What is expected: Set down all of the data exactly. Pictures stay out of the copy.

Source data:
★ ★ ★
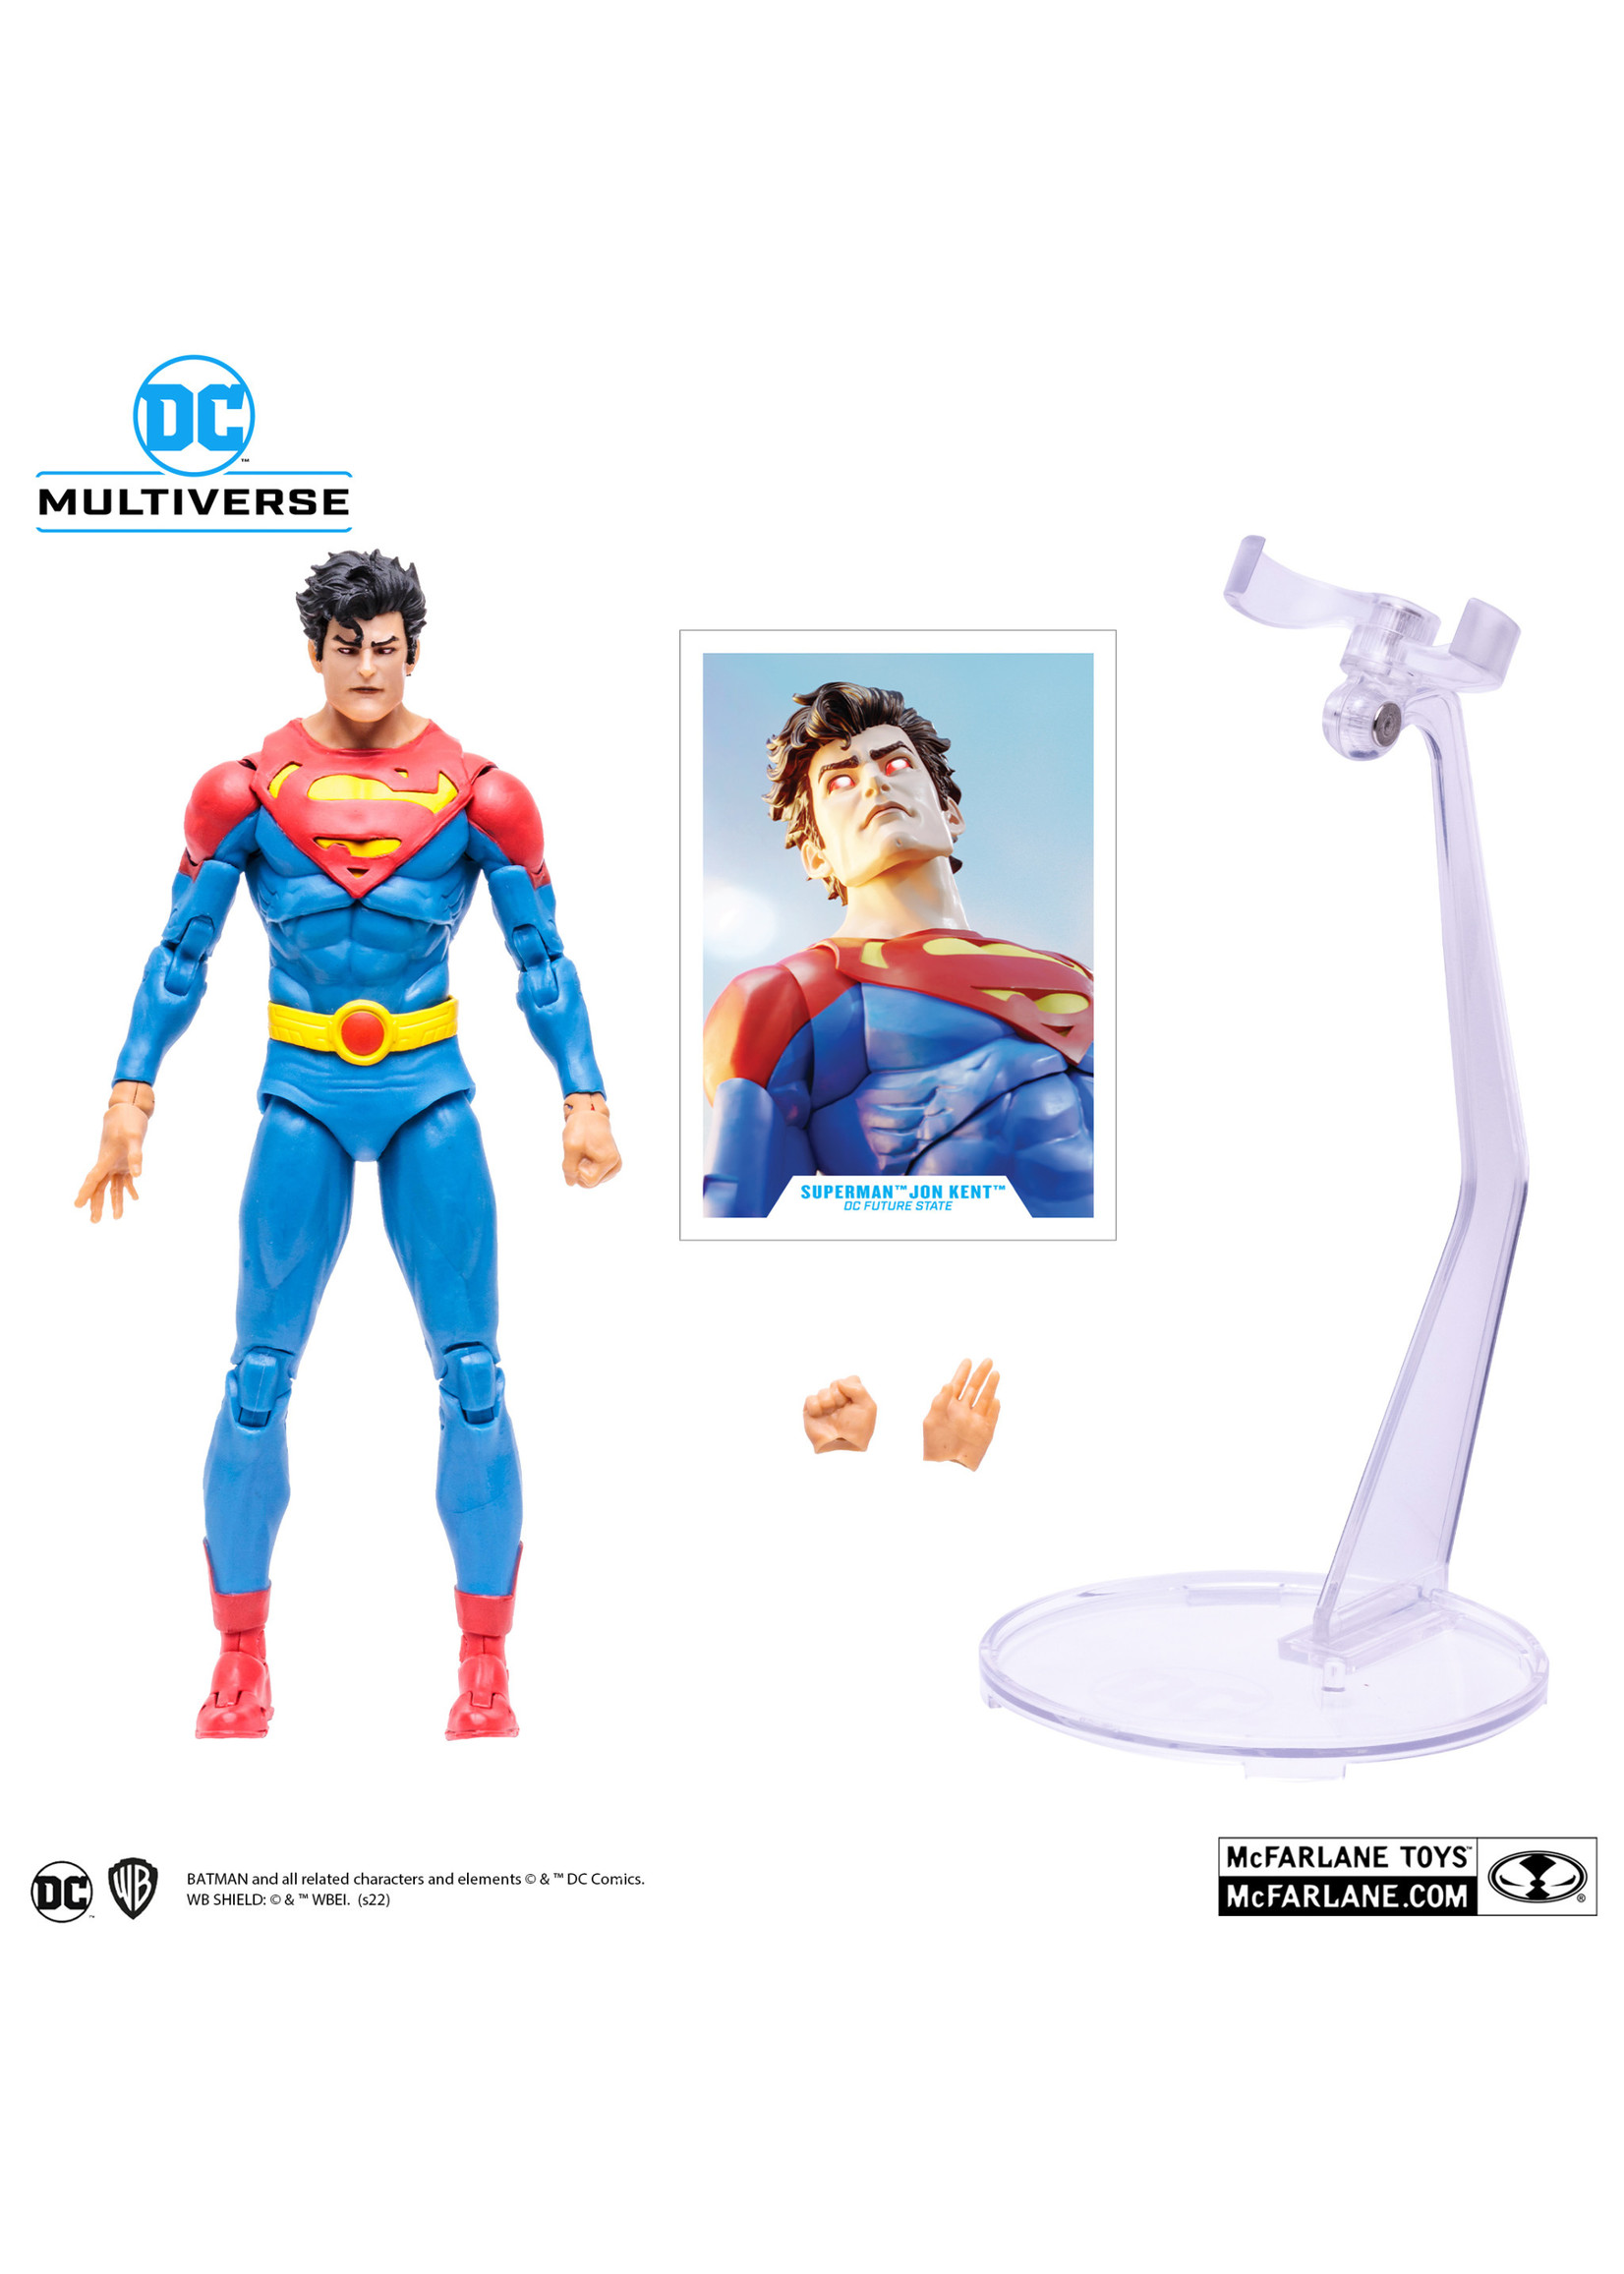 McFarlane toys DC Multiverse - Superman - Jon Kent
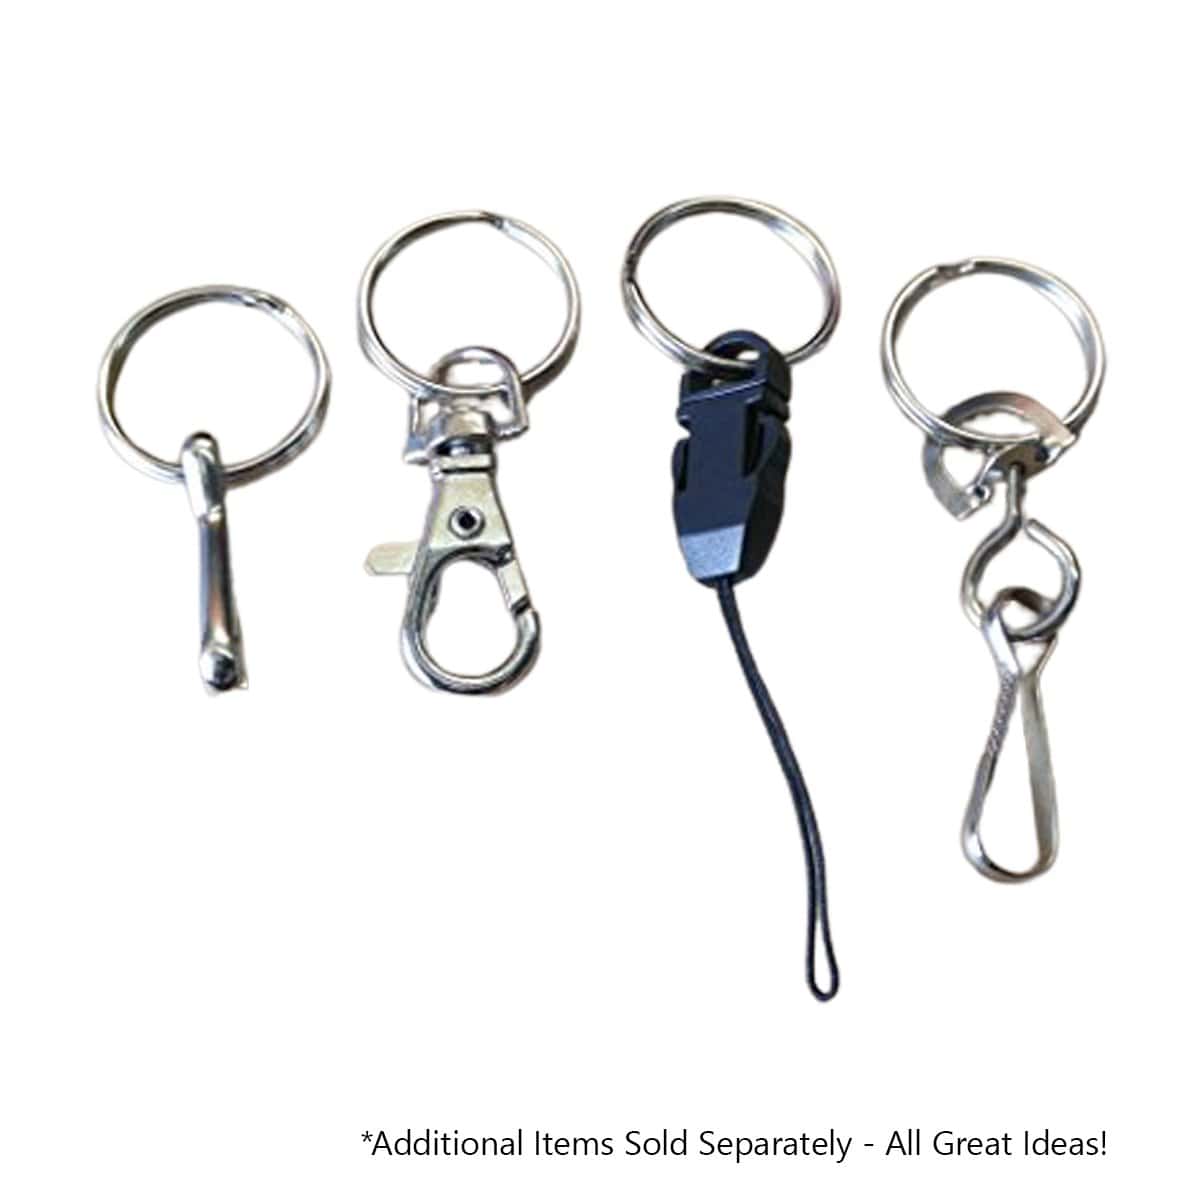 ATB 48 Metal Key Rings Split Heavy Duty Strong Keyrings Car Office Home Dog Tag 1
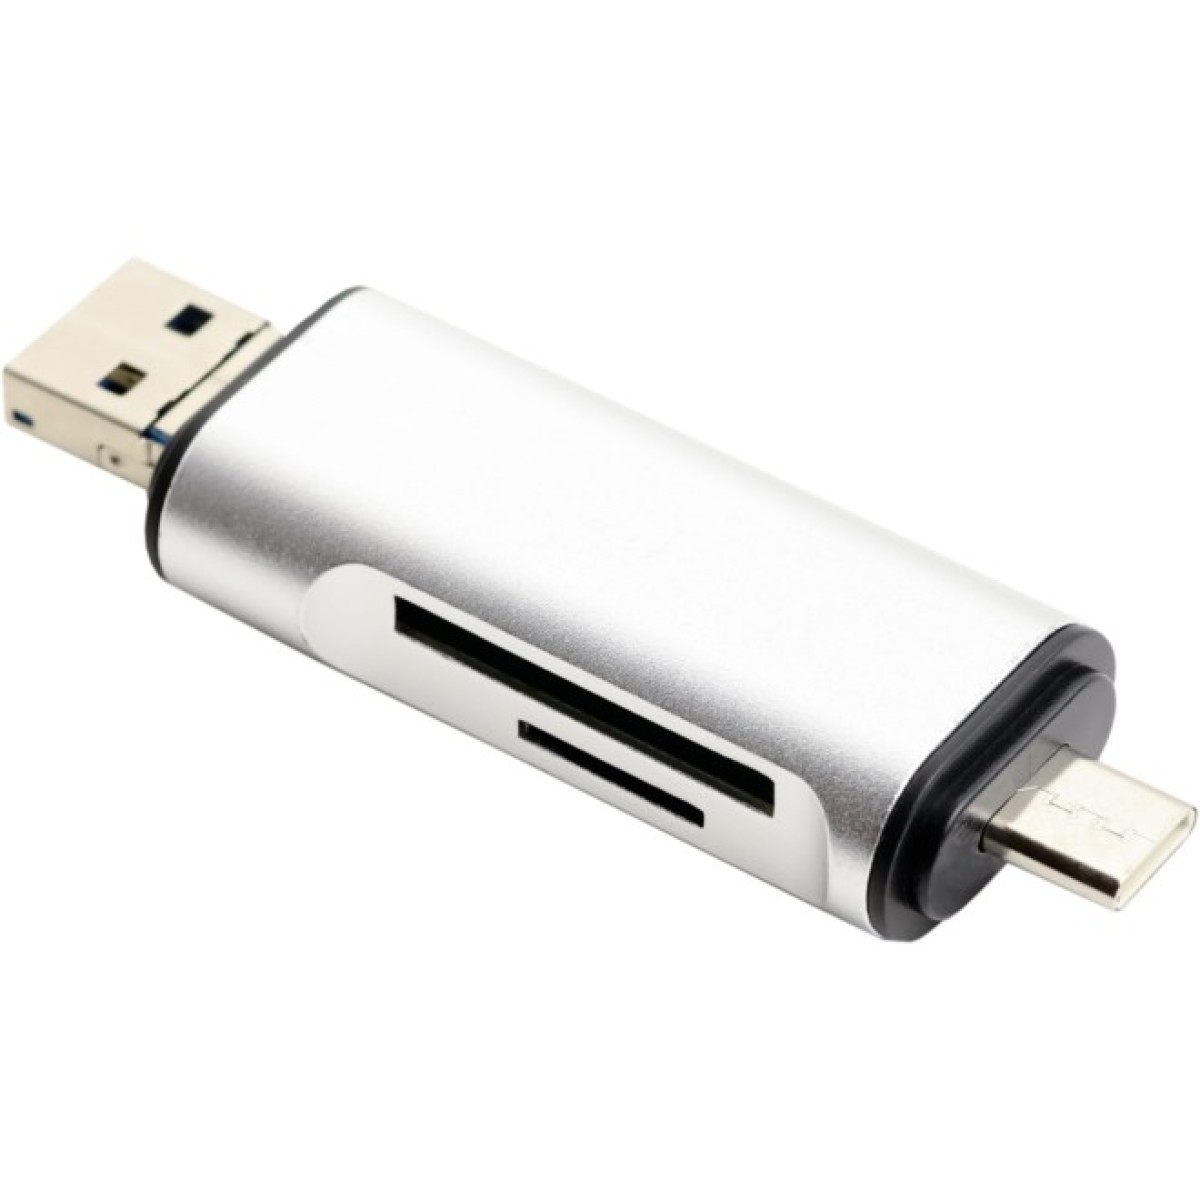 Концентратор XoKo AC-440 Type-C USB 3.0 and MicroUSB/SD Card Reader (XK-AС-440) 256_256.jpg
★ ★ ★
Response to this task:
 McFarlane toys DC Multiverse - Superman - Jon Kent
 ATB 48 Metal Key Rings Split Heavy Duty Strong Keyrings Car Office Home Dog Tag 1
 Концентратор XoKo AC-440 Type-C USB 3.0 and MicroUSB/SD Card Reader (XK-AС-440) 256_256.jpg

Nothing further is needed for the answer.